Parmi ces gènes, on compte par exemple le gène suppresseur de tumeurs PTEN qui inhibe l'oncogène Akt dans la voie de signalisation de l'EGF (Figure 11). Ce contrôle permet de modérer les signaux de prolifération pour éviter une prolifération cellulaire trop intense ou cela permet de remettre la voie de signalisation au repos en l'absence de facteur de croissance. De cette façon, l'intensité des signaux de prolifération est contrôlée et la prolifération cellulaire reste dépendante d'une stimulation extérieure par un facteur de croissance, elle n'est pas autonome. Les cellules cancéreuses inactivent donc des gènes suppresseurs de tumeurs contrôlant les voies de signalisation de la prolifération cellulaire pour bénéficier d'une prolifération intense et autonome.

Les mécanismes de maintenance du génome

Dans une cellule, il existe des mécanismes qui surveillent l'intégrité du génome pour empêcher l'apparition de cellules mutées qui peuvent dériver vers un cancer.

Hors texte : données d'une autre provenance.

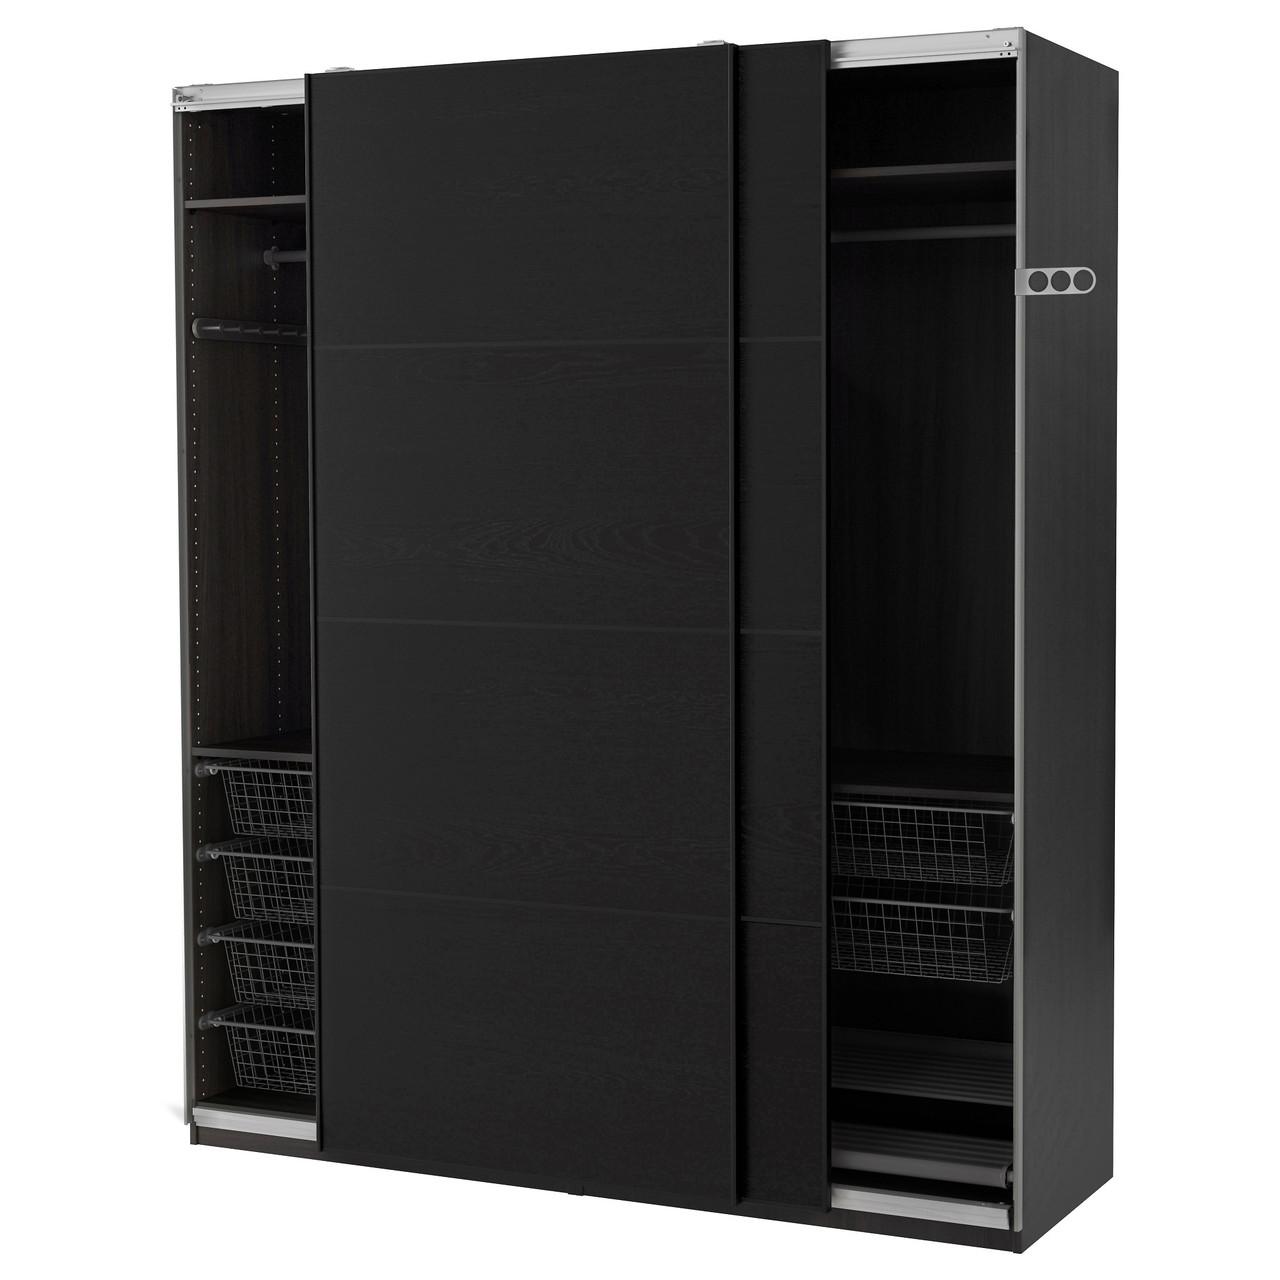 PAX 891.273.69 Гардероб, черно-коричневый, Ilseng blackberry, 200x66x236 см

Figure 12. Signalisation et réparation des dommages de l’ADN. Lors de dommages sur l’ADN, les détecteurs de dommages de l’ADN activent les systèmes de réparation de l’ADN ainsi que p53 qui arrête le cycle cellulaire. Après la réparation de l’ADN, la signalisation des dommages de l’ADN n’est plus active et le cycle cellulaire reprend. © Grégory Ségala

Lorsque des dommages surviennent sur l'ADN, comme des mutations ou des cassures, les mécanismes de signalisation des dommages de l'ADN avertissent de ces dégâts pour qu'ils soient corrigés par les systèmes de réparation de l'ADN (Figure 12, (1)). Le gène suppresseur de tumeurs p53 occupe une position centrale dans la signalisation des dommages de l'ADN, ce qui lui vaut le surnom de « gardien du génome ». Si ces dommages peuvent être réparés et qu'un cycle cellulaire est engagé, p53 active les points de contrôle du cycle cellulaire (Figure 12,(2)) ce qui provoque l'arrêt du cycle cellulaire jusqu'à ce que les mutations ou cassures de l'ADN soient réparés.

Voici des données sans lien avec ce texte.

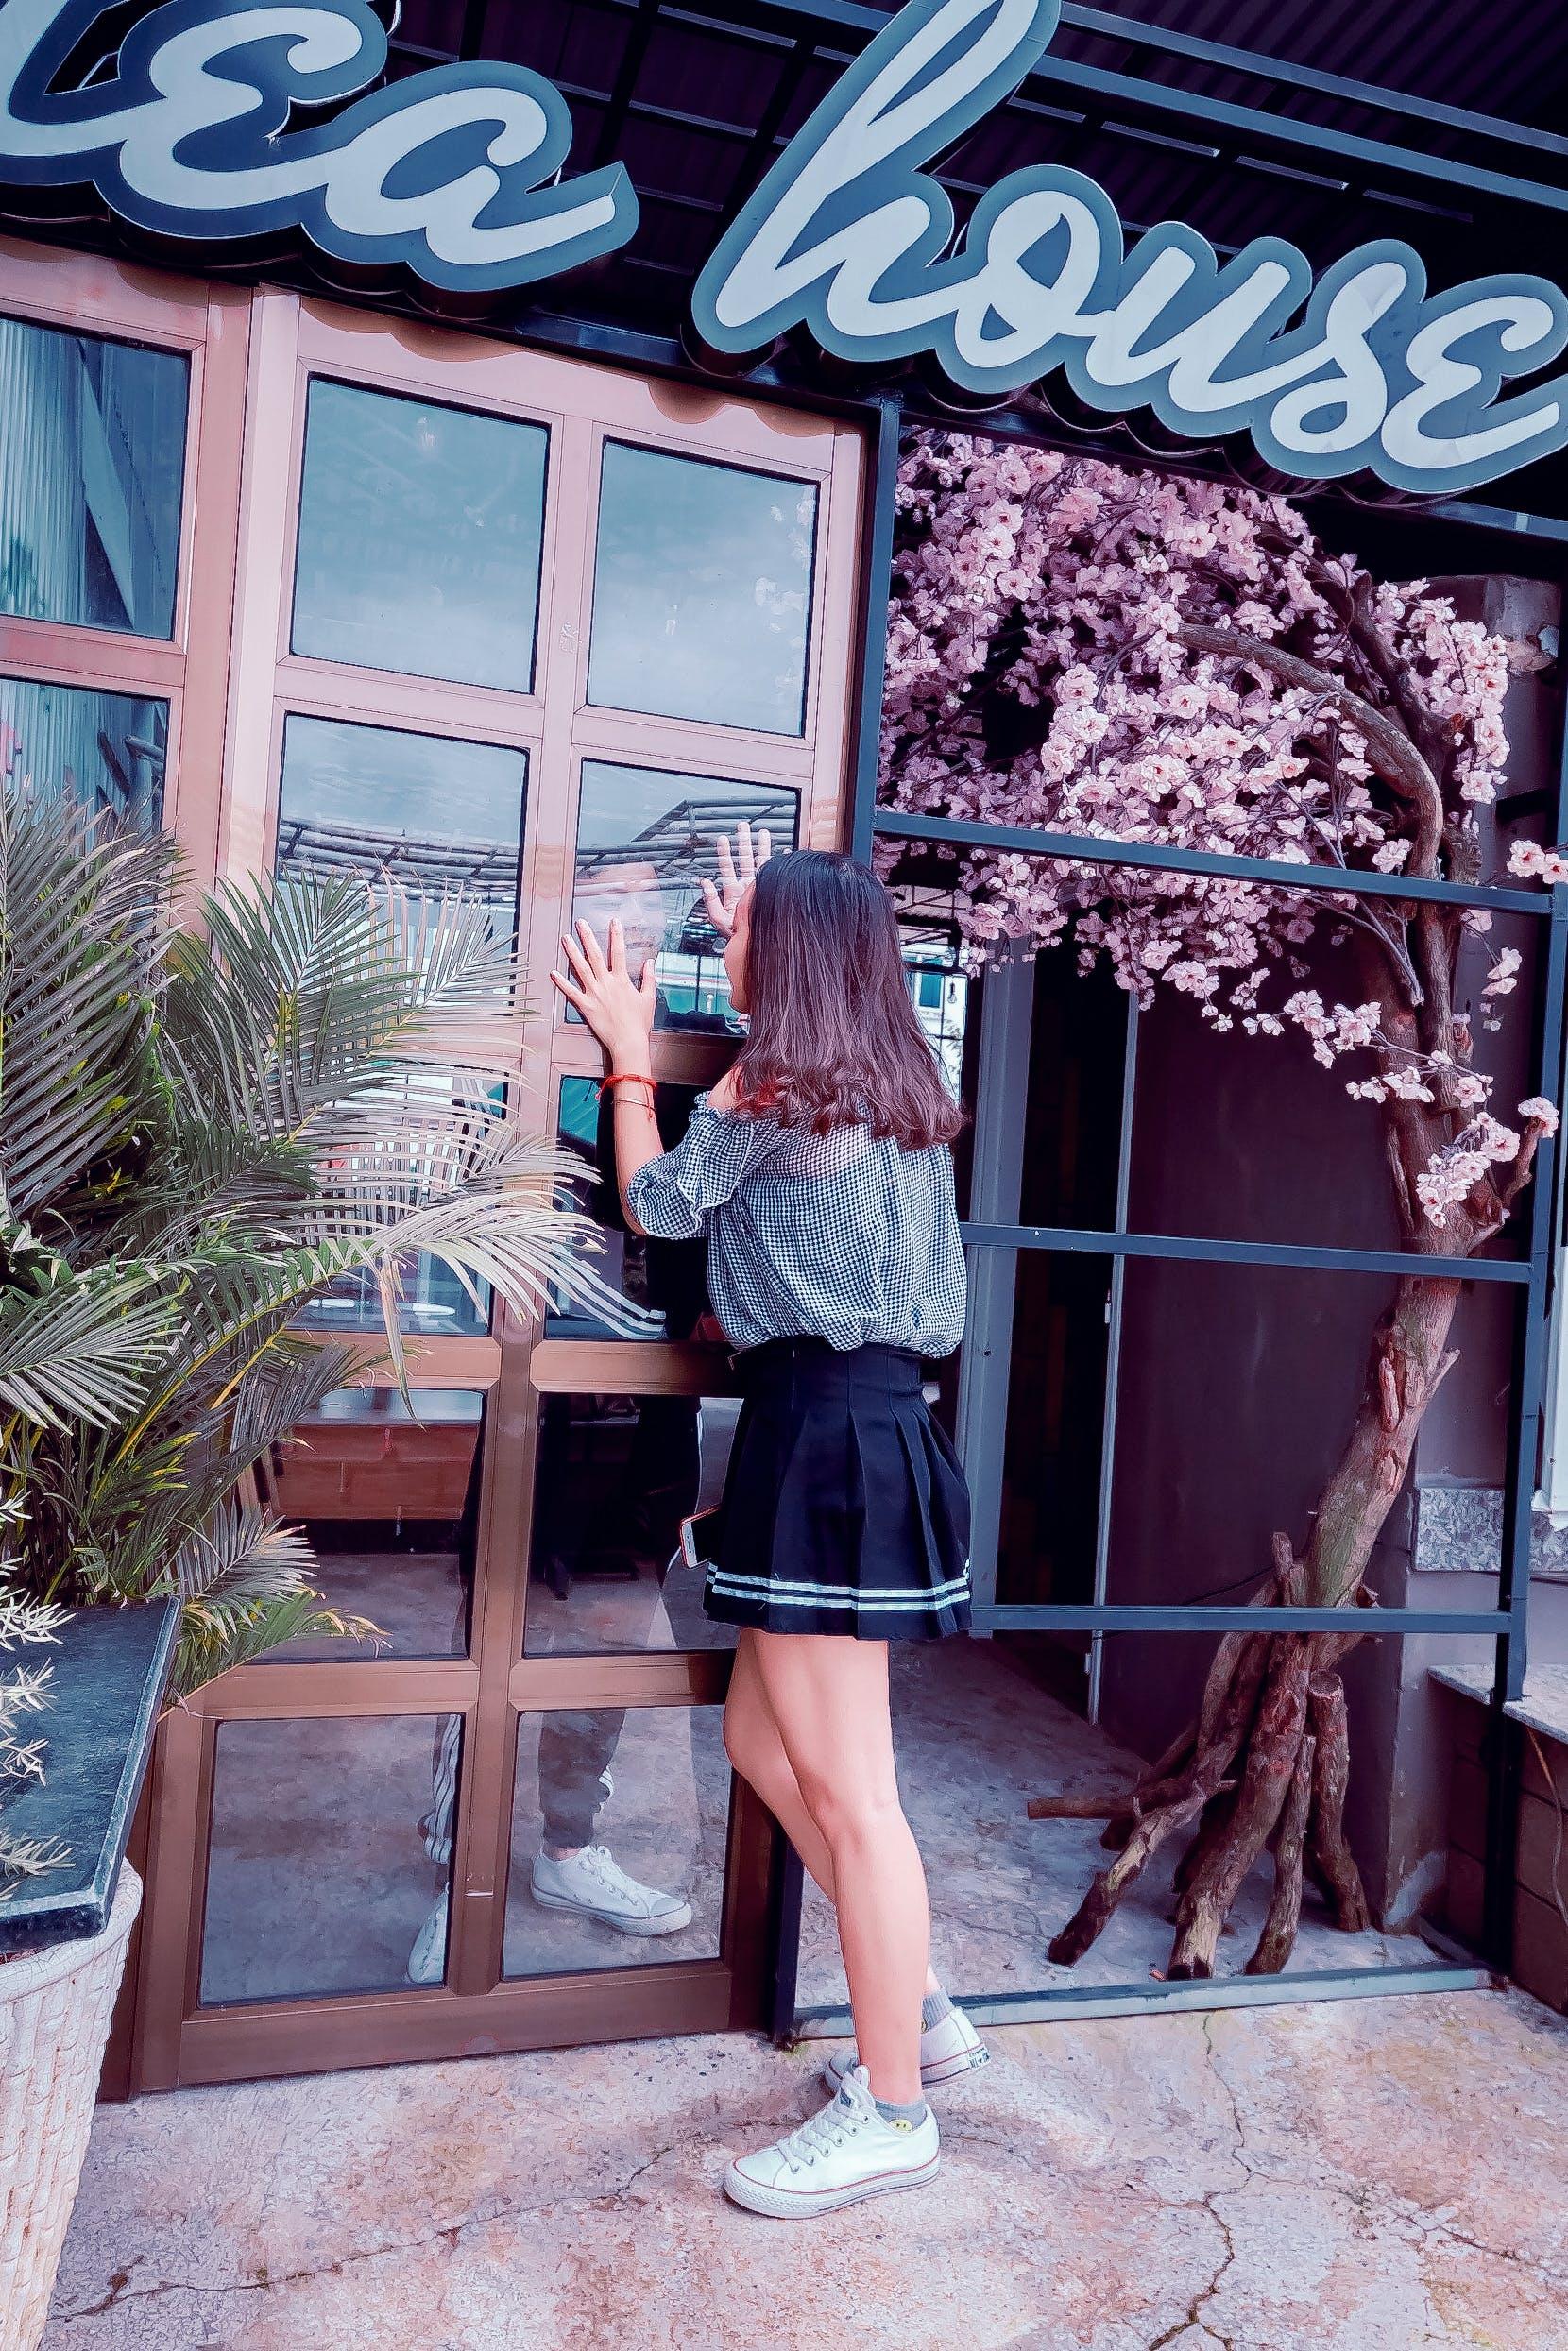 Woman Looking Through a Glass Door

Si les dommages de l'ADN sont graves, p53 provoque la mort programmée de la cellule par apoptose qui est un mécanisme sophistiqué de suicide de la cellule (Figure 13).

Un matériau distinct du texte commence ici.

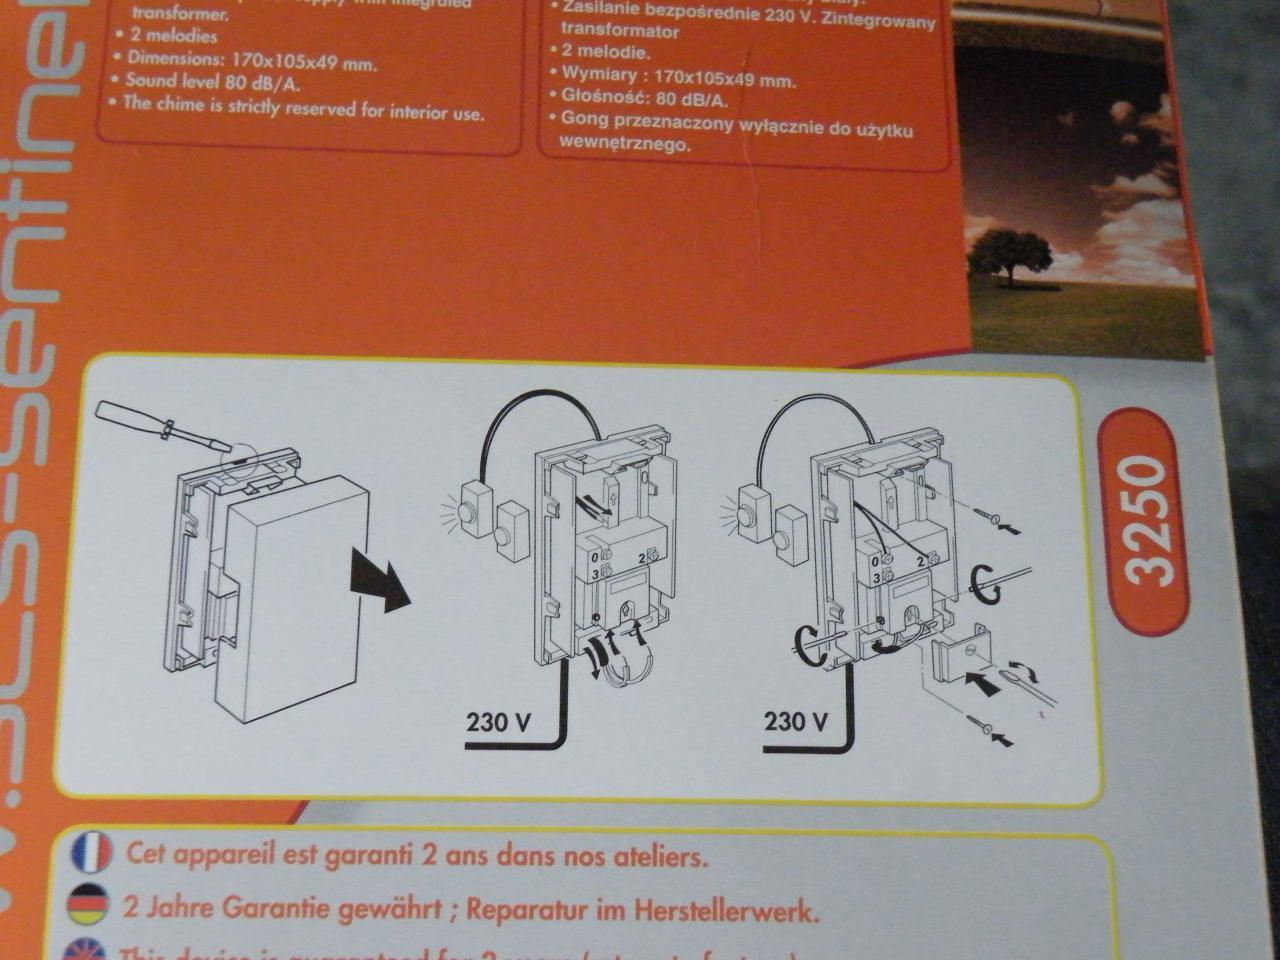 Schema installation sonnette filaire - Comment installer une sonnette filaire ...

Figure 13. Signalisation de dommages importants de l’ADN. Après que l’ADN a subi d’importants dommages comme des cassures multiples, la signalisation des dommages de l’ADN provoque la mort de la cellule par apoptose. © Grégory Ségala

Dans les cancers, on relève un dysfonctionnement de la signalisation des dommages à l'ADN puisque la conservation de mutations de l'ADN favorise la progression de l'oncogenèse. D'autre part, ce dysfonctionnement diminue la fréquence d'activation des points de contrôle du cycle cellulaire. Le cycle cellulaire est donc moins stoppé ce qui permet aux cellules cancéreuses de proliférer plus rapidement. Enfin, comme nous allons le voir dans le chapitre suivant, l'instabilité génétique est forte dans les cellules cancéreuses ce qui se traduit par d'importants dommages sur l'ADN. Normalement ces dommages provoqueraient la mort de la cellule. C'est pourquoi un défaut de signalisation des dommages de l'ADN permet aussi à la cellule cancéreuse de survivre à des dommages plus importants.